Applying the persuasive reasoning of the Board in Alvarez and Urology, I conclude that a supplier has the right to ALJ review of the CMS or MAC determination of the effective date of reactivation of billing privileges.  The only determination of CMS or the MAC that is subject to my review in a provider or supplier enrollment case is the reconsidered determination.  42 C.F.R. § 498.5(l)(1)-(2); Neb Grp. of Ariz. LLC, DAB No. 2573 at 7 (2014).
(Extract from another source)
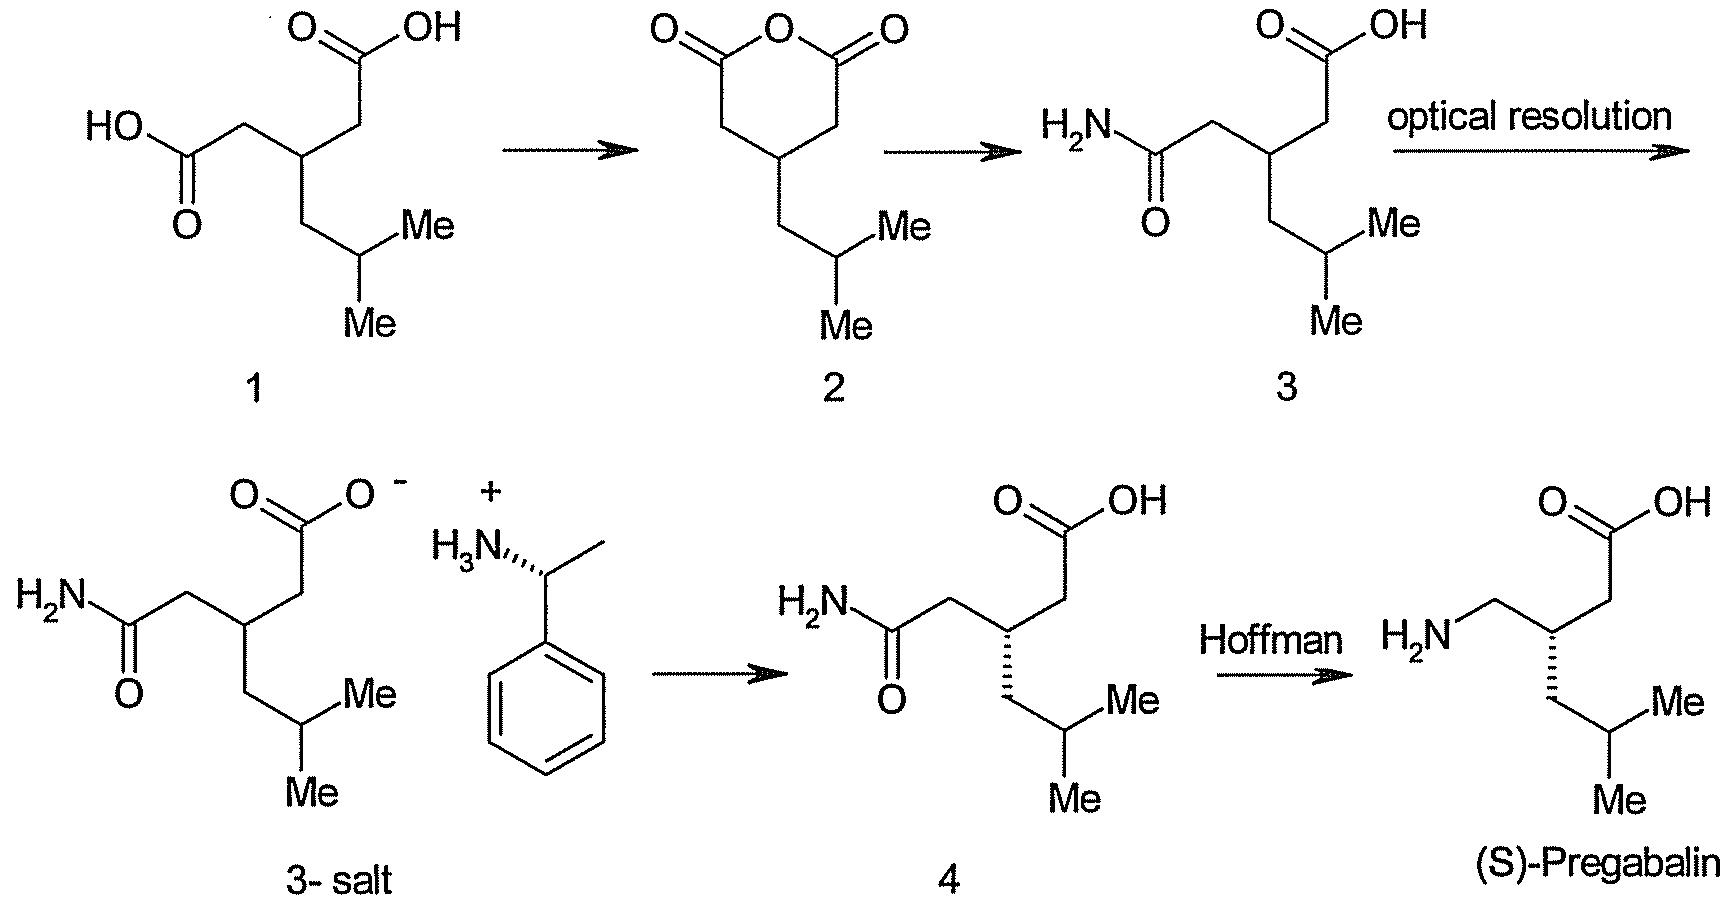 amine amide impurity pregabalin side

Billing privileges may be reactivated in accordance with 42 C.F.R. § 424.540(b).  The provider or supplier must recertify the accuracy of its enrollment information, submit any missing information, and certify its compliance with all applicable Medicare enrollment requirements.  42 C.F.R. § 424.540(b)(1).  CMS may for any reason require a deactivated provider or supplier to submit a complete Medicare enrollment application (CMS-855) to reactivate billing privileges.  42 C.F.R. § 424.540(b)(2).  The regulation clearly gives CMS and the MAC discretion to accept a certification and partial application with missing information provided or require that Petitioner submit a complete Medicare enrollment application.

According to 42 C.F.R. § 424.540(d)(2), the effective date of reactivation of billing privileges is the date the MAC or CMS received the Medicare enrollment application that was processed to approval.  Therefore, by operation of 42 C.F.R. § 424.540(d)(2), the effective date of the reactivation of Petitioner’s Medicare billing privilege must be February 5, 2025, the date the MAC received the application it processed to approval.  CMS Ex. 1 at 28.  The regulations grant no discretion to the MAC, CMS, or me to select a different reactivation effective date.

Petitioner’s arguments that it acted in good faith; had a clean record of Medicare compliance; continued to provide vaccine services to its residents; and there is a financial hardship due to not receiving reimbursement of $32,773.60 from Medicare are clearly requests for equitable relief.  RFH, P. Br., P. Reply.  I have no authority to grant equitable relief.  US Ultrasound, DAB No. 2302 at 8 (2010).  I am bound to follow the Act and regulations, and I have no authority to declare statutes or regulations invalid or ultra vires.  1866ICPayday.com, L.L.C., DAB No. 2289 at 14 (2009) (noting that “[a]n ALJ is bound by applicable laws and regulations and may not invalidate either a law or regulation on any ground.”).

Page 9

III.  Conclusion

For the foregoing reasons, I conclude that the effective date of reactivation of Petitioner’s billing privileges is February 5, 2025.

/s/

Keith W. Sickendick Administrative Law Judge

  • 1

    The documents Petitioner attached to its brief marked as exhibits A and B are copies of documents submitted with its request for a reconsidered determination that are in evidence marked as CMS Ex. 1 at 19 through 22.  Therefore, Petitioner’s exhibits A and B are not also admitted as evidence.  The same documents were also filed by Petitioner with its request for hearing.

  • 2

    Petitioner cites three decisions allegedly issued by ALJs in support of its position that summary judgment is not appropriate.  P. Br. at 4 (document page counter); P. Reply at 2.  The citations listed are not to published or otherwise reported decisions.

  • 3

    Petitioner acknowledges that it failed to notify CMS and the MAC of changed Medicare enrollment information, such as the identity of authorized officials and correspondence addresses.  P. Br. at 5.  The admission has no impact on my decision.